On to the main event (dun dun dunnnnn): CLASS WARFARE
You (and by you I mean seemingly every conservative person I read) have tried to boil down this entire problem into a liberal argument that says “Rich people got all this stuff, and I wanna take some.” It’s as if this is some kind of values debate: “I guess I was just raised differently, because my parents taught me not to take from others, and that if I’m smart and work hard I might be rich, too.” Well gee whiz, so did mine. So did everybody else’s, so you don’t get any points for announcing that it’s wrong to take what’s not yours. To take an issue like this and say it’s about jealousy, or class envy – and I feel like that’s basically what you’re saying – is to take an approach that’s so simpleminded in its reasoning that it’s as if you’re all willfully ignoring what the other side is saying. I hate using the word “simpleminded” there, but honestly, what you’re arguing for in here makes it seem like you don’t even know what the counterargument is.

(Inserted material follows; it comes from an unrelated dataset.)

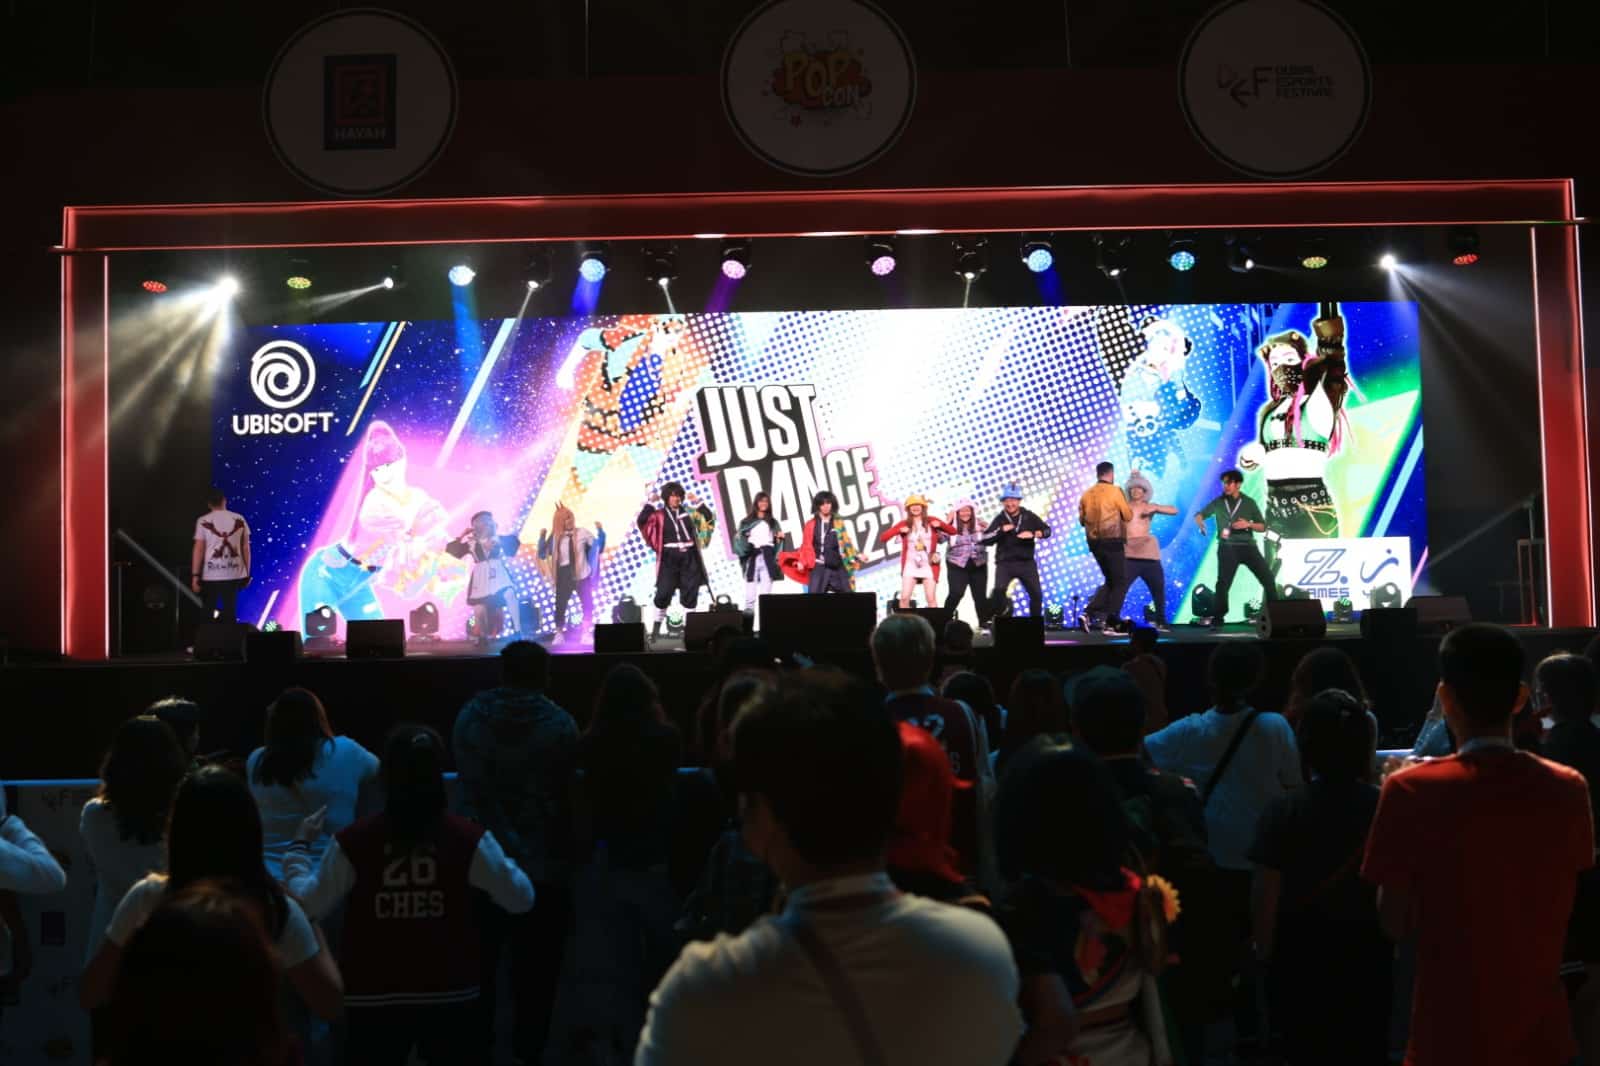 दुबई डिजिटल गेम्स एंड स्पोर्ट्स फेस्टिवल 21 से 25 जून तक अपने दूसरे संस्करण के लिए लौटेगा

Here, read some stuff. I’m an open-minded guy, so gimme some links too! Neither one of us is any kind of economic genius, so help me to learn from some people who are.
For starters:
http://en.wikipedia.org/wiki/Income_inequality_in_the_United_States
———
Tim Noah: The United States of Inequality
“Timothy Noah kicked off this series by looking at whether race, gender, or the breakdown of the nuclear family affected income inequality, and then he examined immigration, the technology boom, federal government policy, the decline of labor unions, international trade, whether the ultra wealthy are to blame, and what role the decline of K-12 education has played. In conclusion, Noah explained why we can’t ignore income inequality.”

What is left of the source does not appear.